ACTIVITY:
With the images removed, transcribe the listing that follows exactly.

DATA SECTION:
• • • •

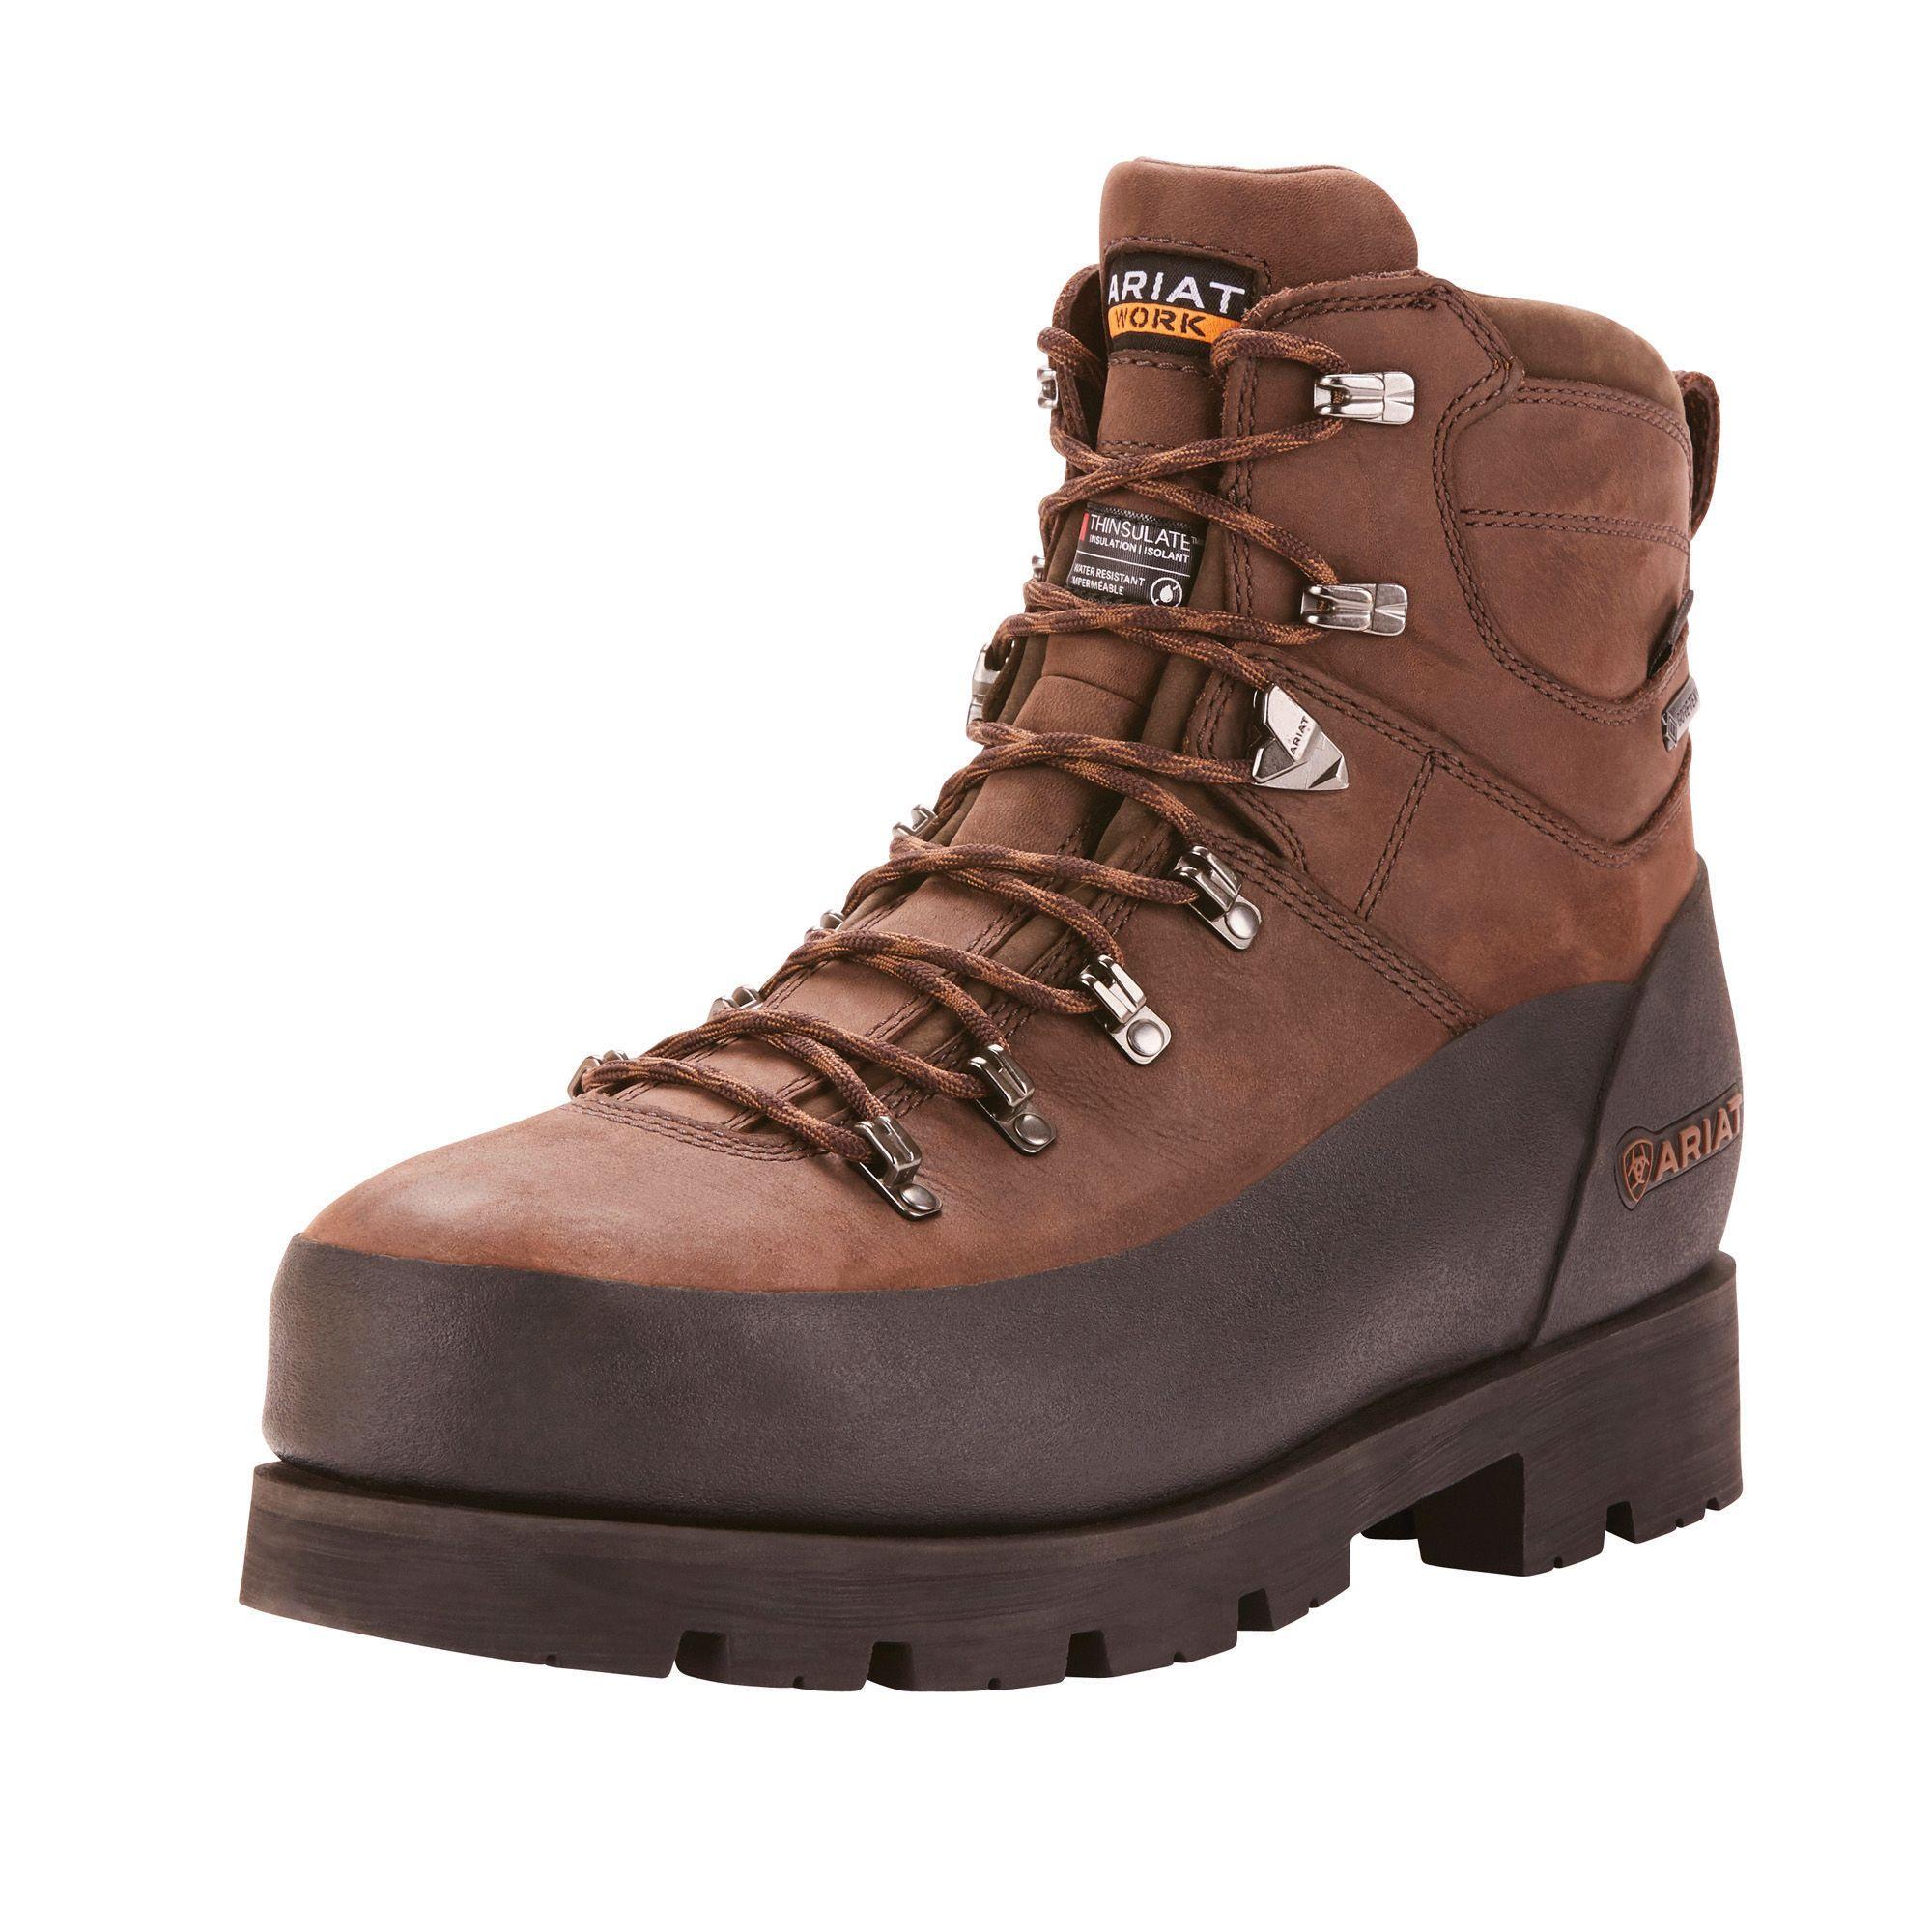 Linesman Ridge 6 Gore Tex 400g Composite Toe Work Boot Composite Toe Work Boots Boots Work Boots
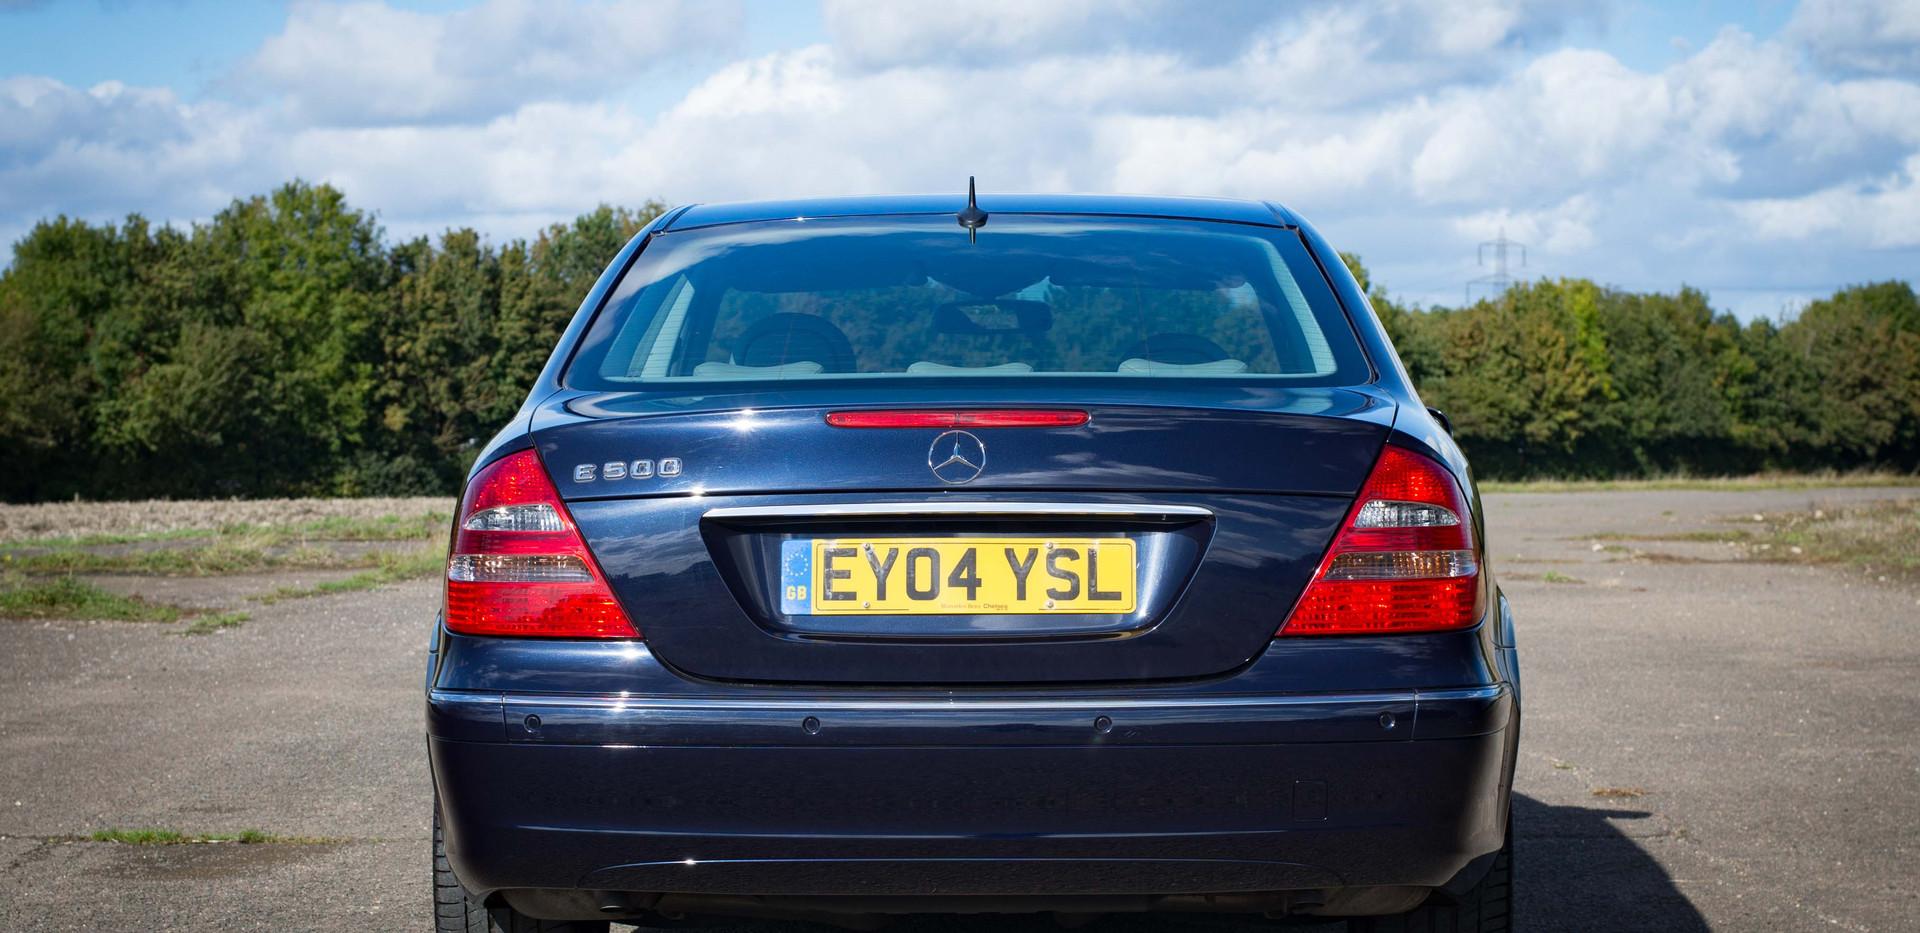 Mercedes E500 For Sale UK London  (3 of
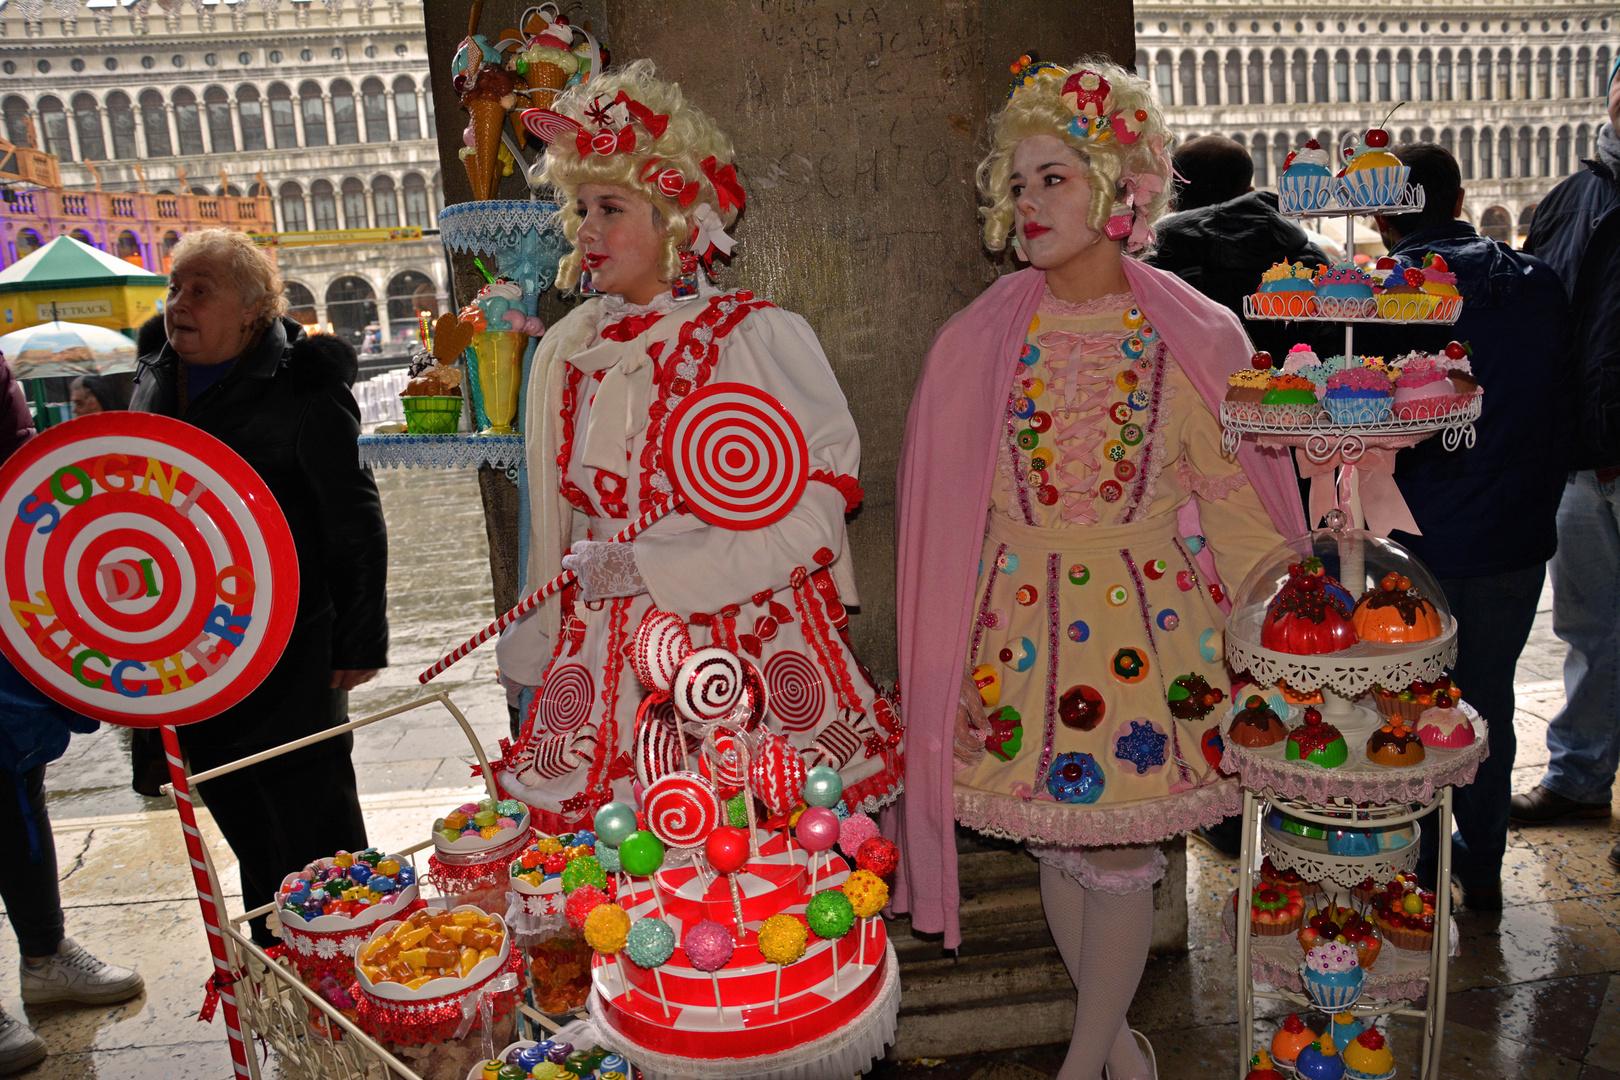 Karneval in Venedig 2014 – Part 3

• • • •

RESPONSE AREA:
 Linesman Ridge 6 Gore Tex 400g Composite Toe Work Boot Composite Toe Work Boots Boots Work Boots
 Mercedes E500 For Sale UK London  (3 of
 Karneval in Venedig 2014 – Part 3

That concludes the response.